Depuis une vingtaine d’années, on peut construire de nouveaux virus grâce à la bio-ingénierie. Ainsi, il a été reconstitué des virus entiers sur la base de leur séquence génétique, par exemple, des virus de variole. Ces technologies permettent de « coudre », en une dizaine de jours, un génome viral à partir de différents fragments d’ADN ou ARN synthétisés à partir de séquences d’un ou plusieurs génomes de virus sauvages… Cela laisse souvent des traces et le Sars-CoV-2 en montre10. Ces traces ou empreintes révélées par des analyses bio-informatiques sont des signatures d’une potentielle manipulation du génome du Sars-CoV-2. Mais elles n’expliquent qu’une petite partie de ce génome11

Bricolage de virus existants ou virus reconstruits pièces par pièces en laboratoire, cette deuxième hypothèse sur l’origine du Sars-CoV-2 peut être retenue.

Une longue évolution du virus chez l’Homme ?
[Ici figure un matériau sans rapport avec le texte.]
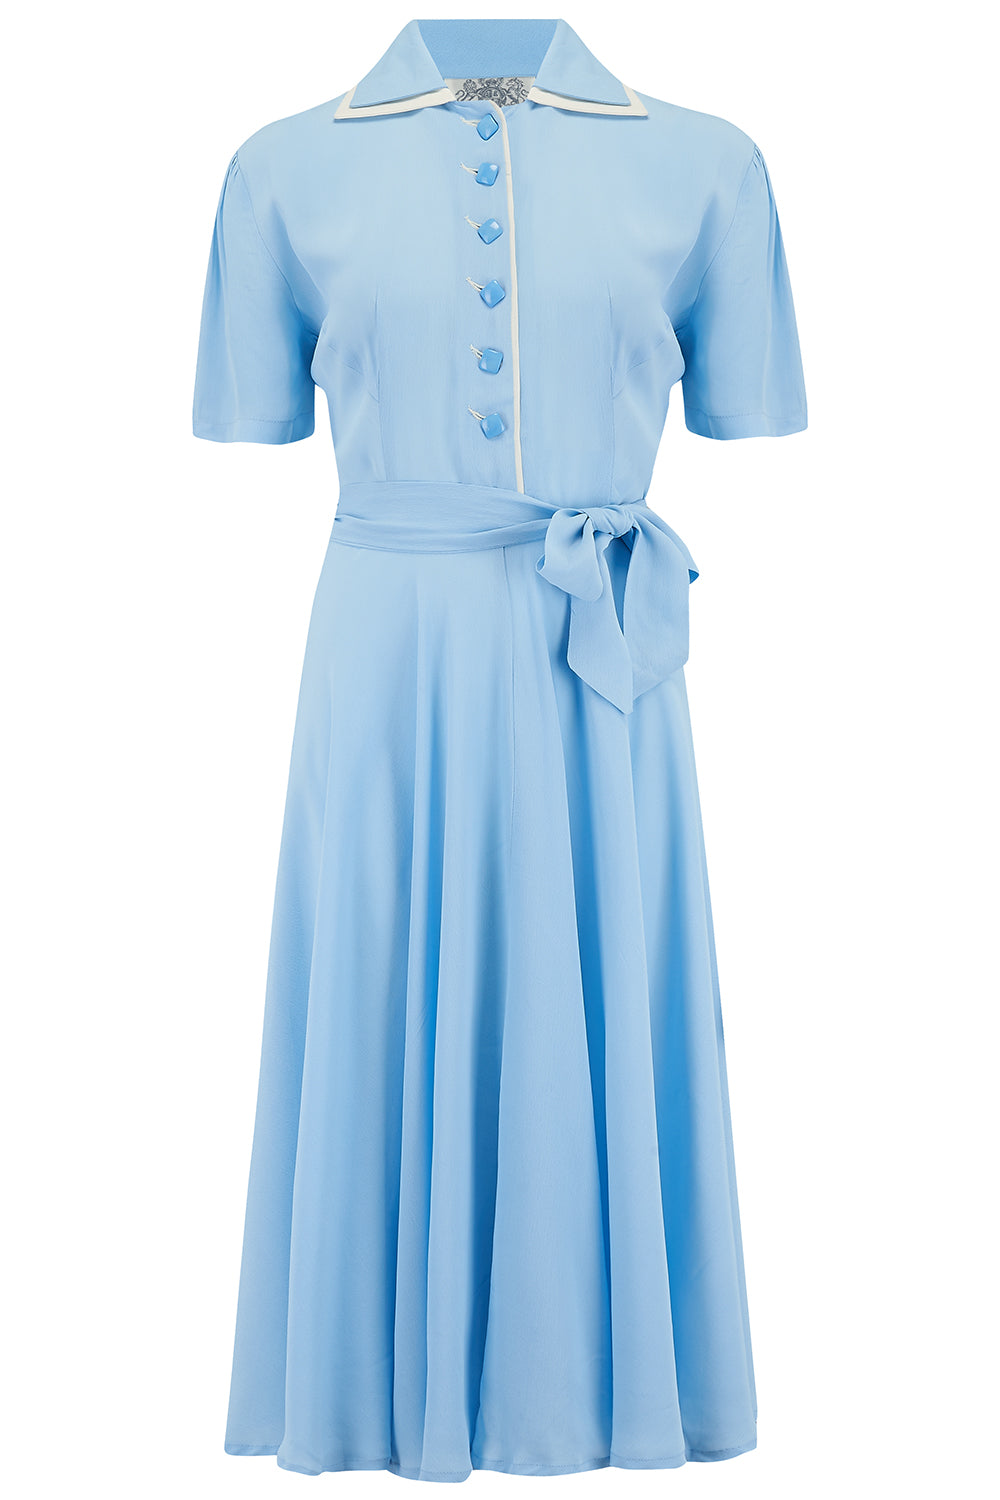 "Mae" Tea Dress in Powder Blue with Cream Contrasts, Classic 1940s Vintage Style - True and authentic vintage style clothing, inspired by the Classic styles of CC41 , WW2 and the fun 1950s RocknRoll era, for everyday wear plus events like Goodwood Revival, Twinwood Festival and Viva Las Vegas Rockabilly Weekend Rock n Romance The Seamstress of Bloomsbury

Les études phylogénétiques du Sars-CoV-2 montrent des traces d’évolution du virus à partir d’un réservoir naturel (les chauves-souris). Mais, en l’absence d’hôte intermédiaire, certains auteurs ont suggéré, dès 2020, que le processus adaptatif d’ « humanisation » du virus ait pu se faire chez l’Homme directement après le transfert zoonotique depuis la chauve-souris. Cette possibilité qui exclut l’hôte intermédiaire est appelée « théorie du passage des mineurs de Mojiang »12. Ce processus évolutif est forcément long.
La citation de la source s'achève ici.